Тщетно выглядывал я среди джентльменов лорда Нортенгерленда. Впоследствии Бритвер сообщил мне, что, мучимый жестокой меланхолией, его милость весь день провел, запершись в пышных и мрачных покоях Нортенгерленд-Хауса.
Не успели распахнуться парадные двери, как сбоку отворилась маленькая боковая дверца. Две высокие темноволосые дамы, София и Френсис Грэм, выскользнули оттуда и, миновав колонны вестибюля, остановились между громадными центральными опорами. Затем, стоя неподвижно, вытянули руки, предъявив толпе крошечные создания в белых летящих платьицах. Огромные карие очи сияли из-под белоснежного облака страусовых перьев. Странное, почти дикое впечатление производили эти огромные глазища на нежных детских личиках.
Ангрийцы приветствовали царственных младенцев несмолкающим ревом бесчисленных глоток. Оркестры заиграли, взвились в воздух знамена. Силуэт с пышными перьями на голове возник на фоне распахнутых дверей дворца, «сынов человеческих выше»[70]. Стремительно сбежав по ступеням, человек с плюмажем встал посреди луга.

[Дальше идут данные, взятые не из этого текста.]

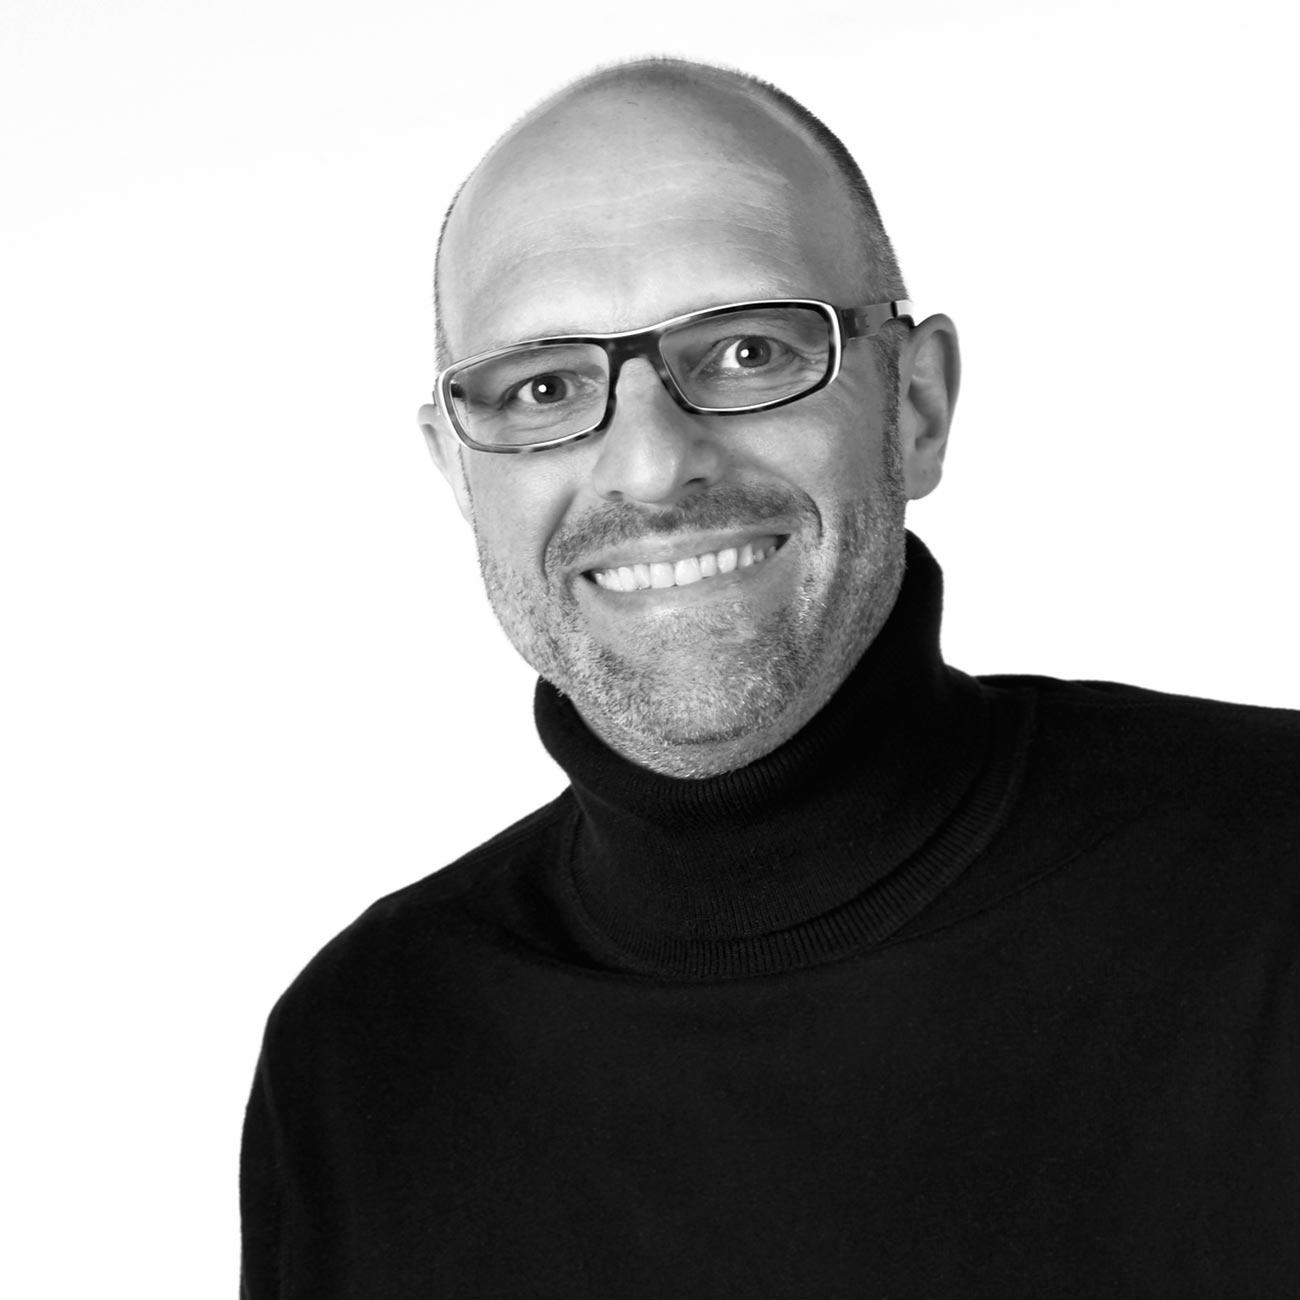 Businessfotos, Mann, schwarz-weiß

– Полюбуйтесь, ангрийцы, кого послали вам небеса! – воскликнул Заморна, показав на сыновей. – Они такие же ваши, как и мои. С рождения я посвящаю их вам. Произведенные на свет во имя Ангрии, они должны жить ради ее славы и, если потребуется, умереть за нее. Я люблю их не потому лишь, что в жилах младенцев течет моя кровь, а на костях – моя плоть, или та, что мне дороже моей, но за их связь с землей, солнце которой ныне сияет над ними. Ангрийцы, я бы с радостью позволил каждому из вас обнять и благословить моих сыновей, но, поскольку это невозможно, передаю их в руки вашего достойного представителя, и в его лице Ангрия приветствует своих принцев!
Он развернулся и подошел к кормилицам. Полагаю, наследники Заморны впервые видели внушительную фигуру герцога так близко, ибо при его приближении испуганно прильнули к своим защитницам, безмолвно взирая на отца. Он улыбнулся и, склонив голову, увенчанную гордыми траурными перьями, над одним из близнецов – полагаю, Виктором Фредериком, – поцеловал его, еле слышно пробормотал что-то и с нежностью прижал сына к груди.
Крошечное создание не выразило неудовольствия. Напротив, заулыбалось всеми ямочками на щеках.
– Пусть мистер Джон Керкуолл приблизится, – повелел герцог. Указанный джентльмен повиновался.
– Поскольку вы, – продолжил его светлость, – являете собой истинное воплощение Ангрии, самую суть ее надежд и чаяний, я вверяю вам моего сына и наследника. Пусть же с поцелуем того, кто избран представлять всех ангрийцев, он впитает в себя благородный дух этой земли!